Were I still in the business of proposing future honours research projects at Canterbury, I'd be pitching this one. Anybody please feel free to run with it: I'd love to know how it goes.
The National Party decisively won the 2014 election, taking the Party Vote in all but the poorest of Christchurch suburbs. While National polled well even in Christchurch's more earthquake-affected Eastern suburbs, National polled well everywhere.
Take 2008, 2011, and 2014 polling-place election data. Combine it with Census data for the meshblocks forming the natural catchment for each polling place. Predict National's 2008 party vote on the basis of underlying demographic characteristics. See whether changes in those characteristics predict changes in local-level National Party support in 2011 and 2014 for areas outside of Christchurch. Then, add in CERA data on land earthquake status in Christchurch as additional explanatory variable for Christchurch in 2011 and 2014. Christchurch's poorer neighbourhoods were also its more quake-affected ones. Was voting in quake-affected poorer Christchurch neighbourhoods substantially different from voting in poorer Auckland or Wellington neighbourhoods?
Can we reasonably interpret Christchurch's pro-National vote as endorsement of the handling of the rebuild? If more quake-affected polling places returned a higher-than-otherwise-expected National vote, then perhaps we can. If National fared more poorly than expected in the more quake-affected polling places, then perhaps not. You could also exploit split-ticket voting here. Informal Twitter discussion after the election suggested Labour voters would support their local Labour MP while giving their Party Vote to National as expression of disapproval with the Labour leadership or of support for National's overall policy agenda. Was split-ticket voting in Christchurch different from split-ticket voting elsewhere, correcting for the pre-quake Christchurch split-ticket vote in 2008? Was Gerry Brownlee's electorate vote stronger or weaker than we might expect for a government Minister?

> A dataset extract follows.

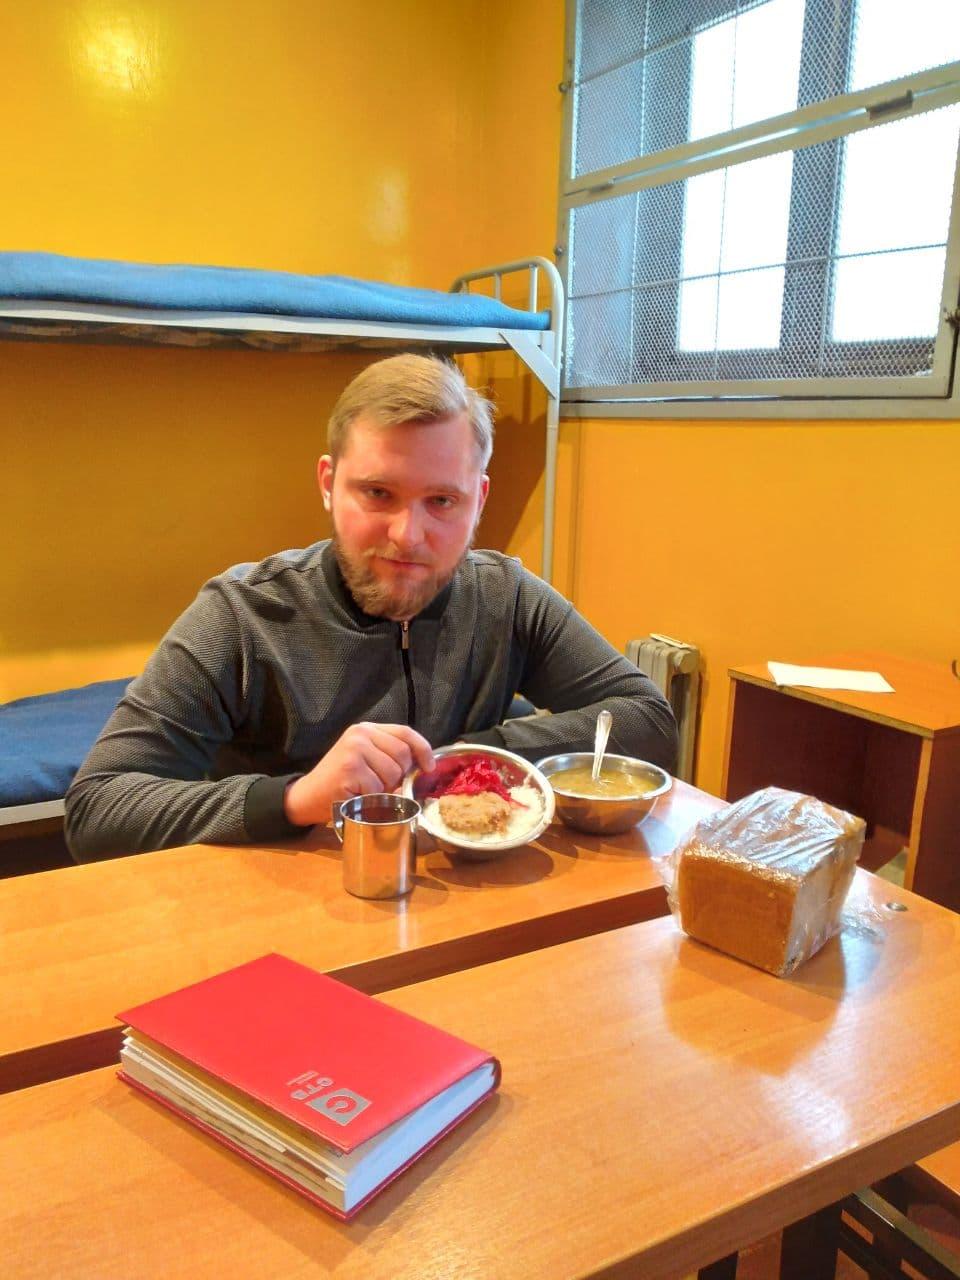 Григорий Азаренок съездил на Окрестина и опубликовал фото

If it is possible to get EQC and CERA data on the proportion of completed earthquake claims in each meshblock, that would be a fine additional variable. Finally, if you have time, give some thought to how migration from 2008 to 2014 might have affected results: would the out-migration of the worst-affected residents introduce attenuation bias?I would love to know how EQC completion rates affected National's Party and Electorate votes.